Food induces release of these hormones from GIT neuroendocrine L cells (or from intraislet production from alpha cells), that bind specific receptors on beta cell to stimulate/amplify glucose-stimulated insulin secretion through cyclic AMP production.

They also suppress glucagon production and secretion.

*only when blood glucose is above fasting

Most potent is ________.

Answer 19

Incretins

Most potent incretin: GLP-1 (Glucagon-like peptide)

• from L cells in SI
• stimulate insulin when blood glucose is above fasting level

Other incretin: GIP glucose-dependent insulinotropic peptide

Question 20

Fasting state vs Postprandial

Answer 20

FASTING

• Low Insulin; Glucagon release from pancreatic a cells
• Glycogenolysis
• Hepatic Gluconeogenesis
• Mobilization of stored precursors: aa, ffa (Lipolysis)
• Reduce glucose uptake in skeletal muscle and fat

POSTPRANDIAL / FED

• Rise in Insulin, fall in Glucagon
• Carbohydrate and fat and protein synthesis
• Utilization by skeletal muscle via GLUT4 (insulin-stimulated transport)
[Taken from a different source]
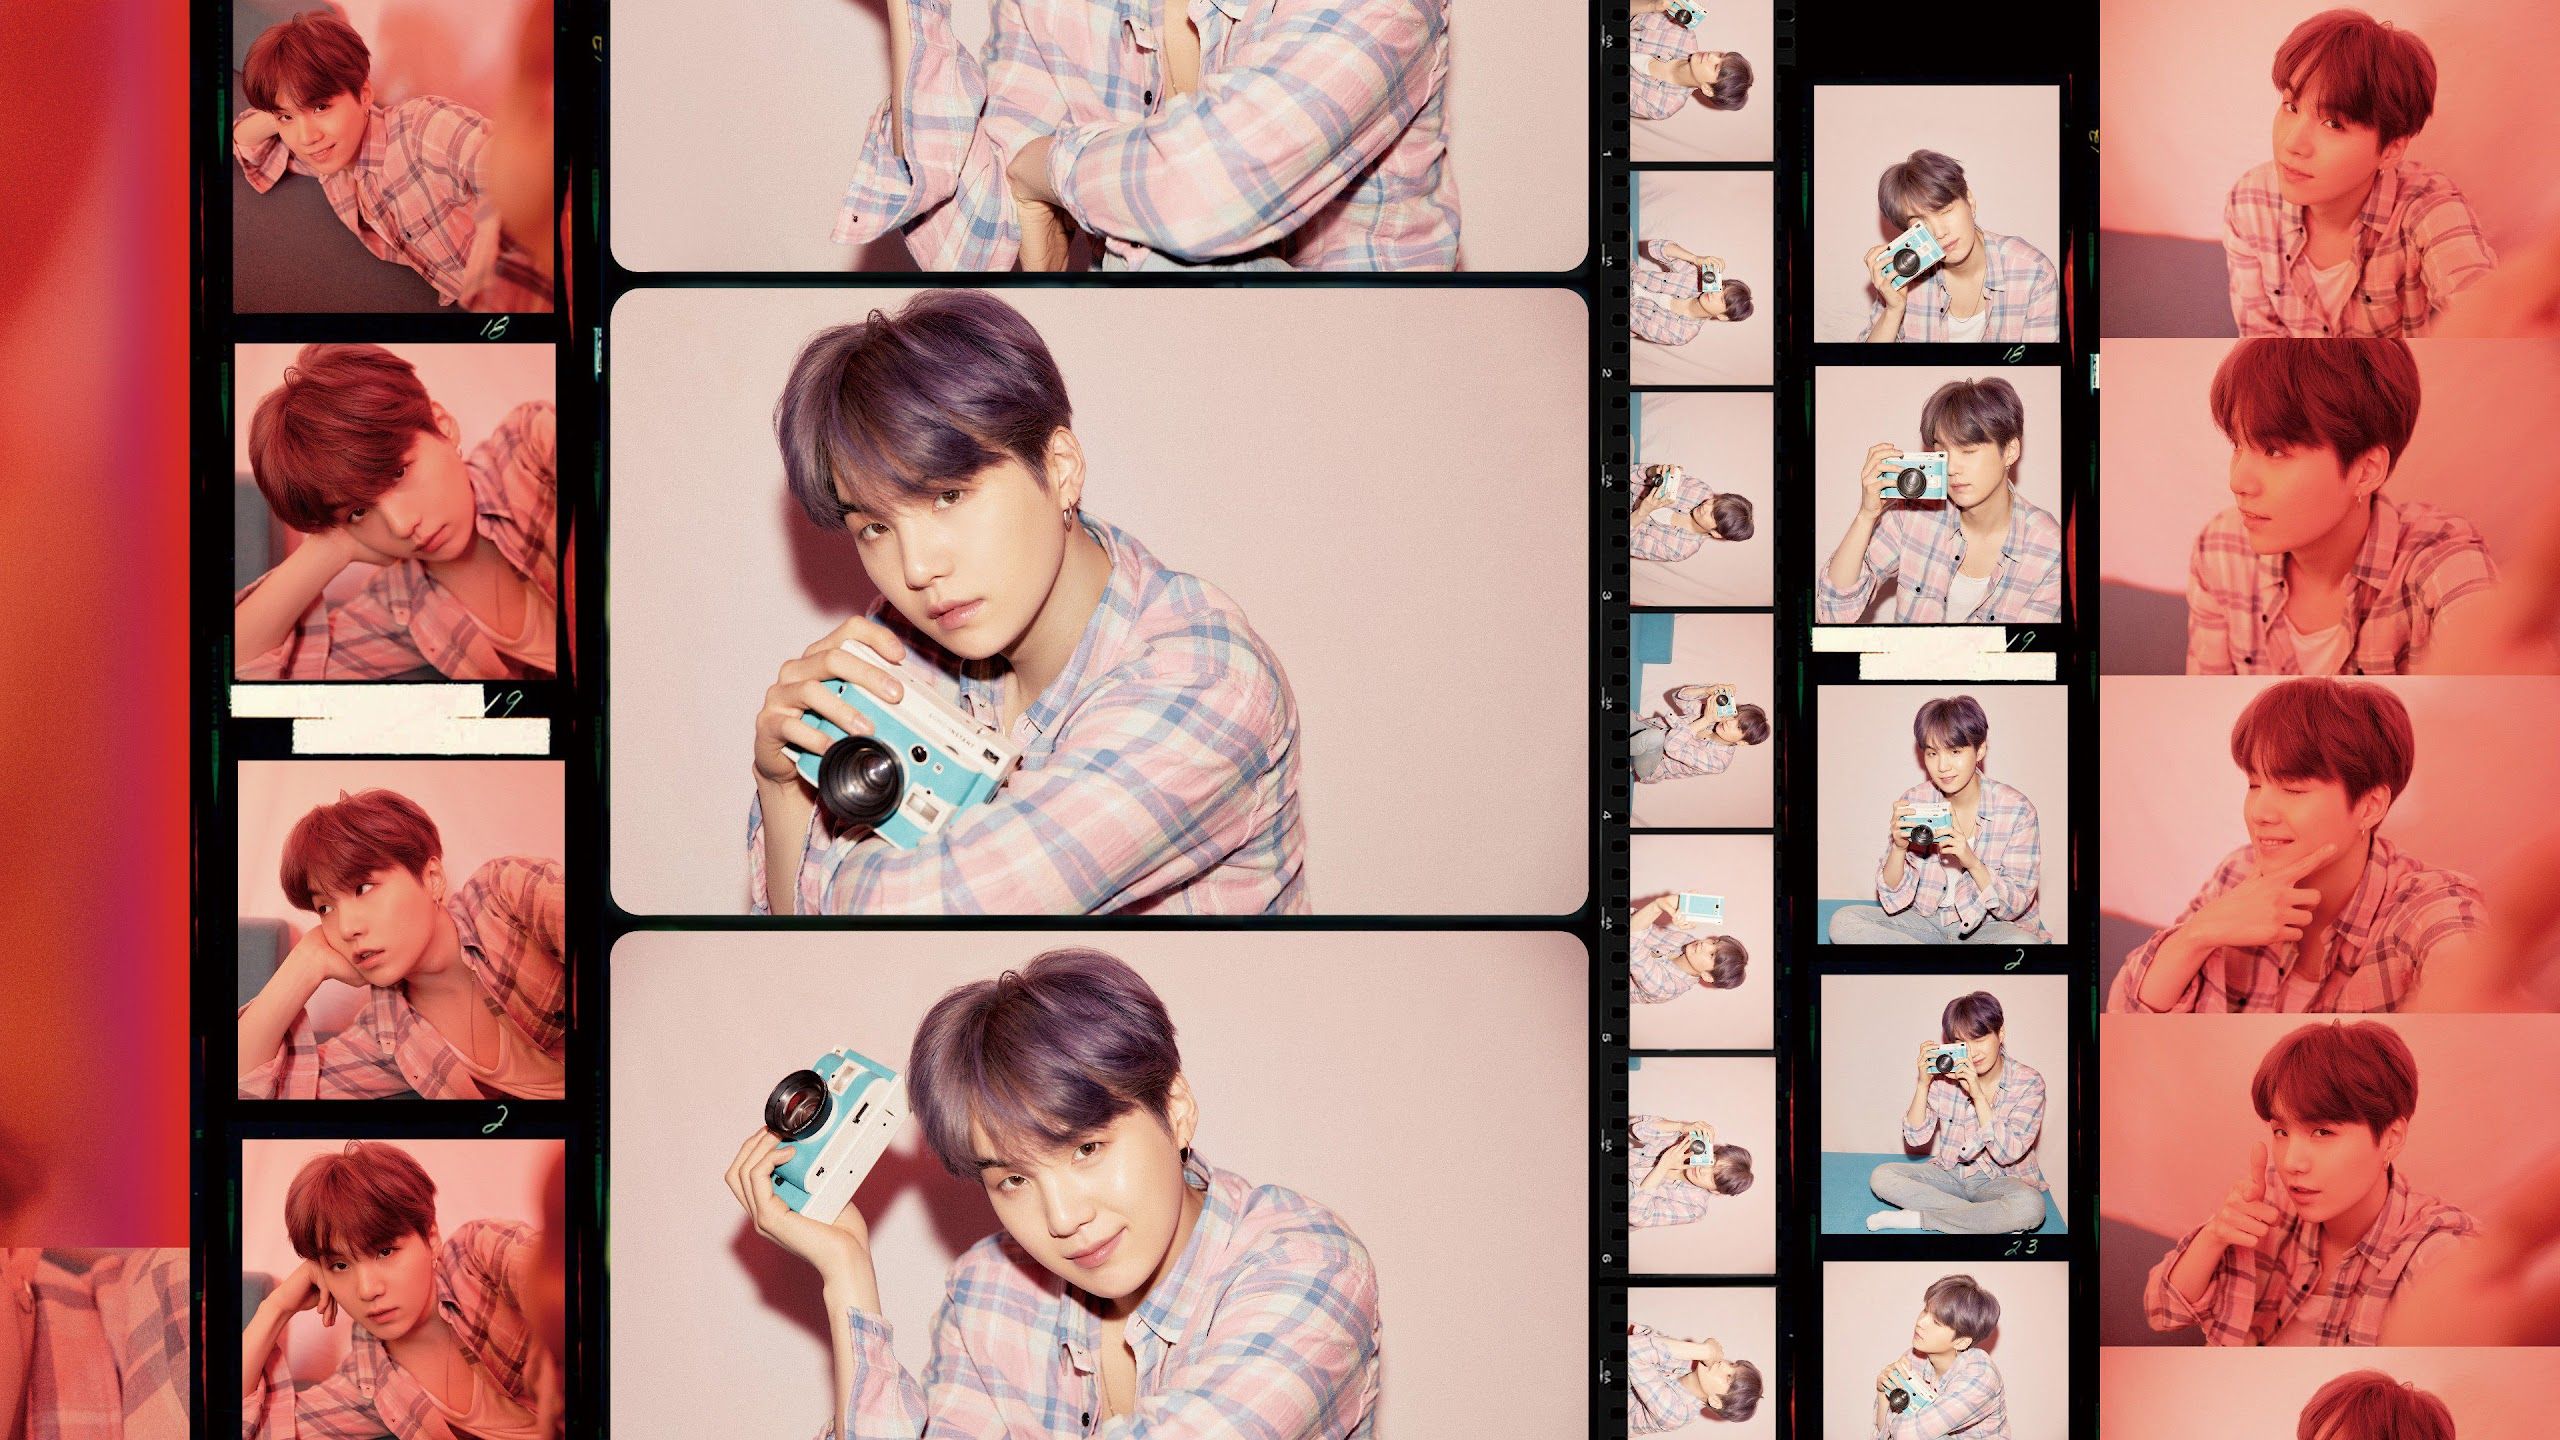 A collage of images of Jungkook from BTS holding a camera - Suga

BRAIN: utilize glucose insulin-independent

Question 21

Type1 Pathophysiology

abnormalities in cellular and humoral immunity

Answer 21

1. islet cell autoantibodies
2. activated lymphocytes in the islets, peripancreatic LD and systemic circulation
3. T lymphocyte proliferation when stimulated with islet proteins
4. cytokine release within the insulitis (TNFa, interferon y, IL1) – beta cells particularly susceptible

Question 22

Pathologic changes in Type 1 DM:

type of cell that infiltrates islets

Answer 22

lymphocytic infiltration of pancreatic islets (insulitis), peripancreatic LN, systemic circulation
(T lymphocytes)

abates after destruction of beta cells, atrophy of islets

cytokines within the insulitis
TNF a, IFNy, IL1 → Beta cell death

Question 23

Marker of autoimmune process of Type 1 DM?

Answer 23

Islet cell autoantibodies

of ICA = Inc risk of DM

ICA positivity:
New onset T1 DM: >85%
Newly diagnosed T2 DM: 5-10%
GDM: <5%
1st degree rel. of T1 DM: 3-4%

ICA + impaired insulin secretion after IV GT: >50% risk of devt of T1 DM within 5yrs

children with multiple ICA, 70% developed T1 DM after 10years, 80% after 15years

Question 24

Environmental triggers for T1 DM

Answer 24

Viruses: Coxsackie, Rubella, Enteroviruses
Early exposure to bovine milk proteins
Nitrosourea compounds
Vit D deficiency
environmental toxins

Question 25

Metabolic abnormalities in T2 DM?

1. Amyloid deposition
2. Lipotoxicity worsen islet function
3. ↓ Beta cell mass
4. Hepatic steatosis = NAFLD = Dyslipidemia

Answer 25

↓ Maximum glucose utilization = Postprandial Hypergly

↑ Hepatic glucose output = ↑ FPG

Accelerated atherosclerosis

Central of visceral obesity = ↑ FFA and adipokines = iIsulin resistance

↓ production of adiponectin (insulin-sensitizing peptide) = hepatic insulin resistance

Question 26

Components of Metabolic Syndrome

Feature:
Acanthosis nigricans
Hyperandrogenism (hirsutism, acne, oligomen.)

Answer 26

Insulin resistance
Hypertension + accelerated CV disease
Dyslipidemia ↓ HDL ↑ TG
Central or visceral adiposity
T2 DM, IFG or IGT

Question 27

Syndromes of Severe Insulin resistance in adults

Type A vs Type B

Answer 27

hyperandrogenism
severe hyperinsulinemia

Type A
young, obese women
undefined defect in the insulin-signaling pathway

Type B
middle-aged women
autoimmune disorders
autoantibodies directed at insulin receptor, may block insulin-binding or stimulate the receptor = intermittent hypogylcemia

Question 28

Aside from intensive lifestyle changes (diet and exercise), what can prevent or delay DM

Answer 28

Metformin, by 31% compared to placebo

Consider giving to those with IFG, IGT, at high risk of progression to DM:
< 60 yo
BMI >35
GDM hx

Question 29

Glucokinase gene mutation –> altered set point for insulin secretion –>
higher glucose levels required to elicit insulin secretory response

Mild to moderate but stable hyperglycemia
Does not respond to OHA

Answer 29

MODY 2

Question 30

HNF-1a mutation

Progressive decline in glycemic control but may respond to SU

Answer 30

MODY 3

Question 31

Mutation in the transcription factor ____ : most common cause of pancreatic agenesis

Answer 31

GATA6

Question 32

Type of DM
onset >30yo
>/= 80% obese, visceral or central (hip-waist ratio)
elderly may be lean
initially not insulin-requiring 

presence of other assoc. conditions (HPN & CV disease, dyslipidemia, PCOS, insulin resistance)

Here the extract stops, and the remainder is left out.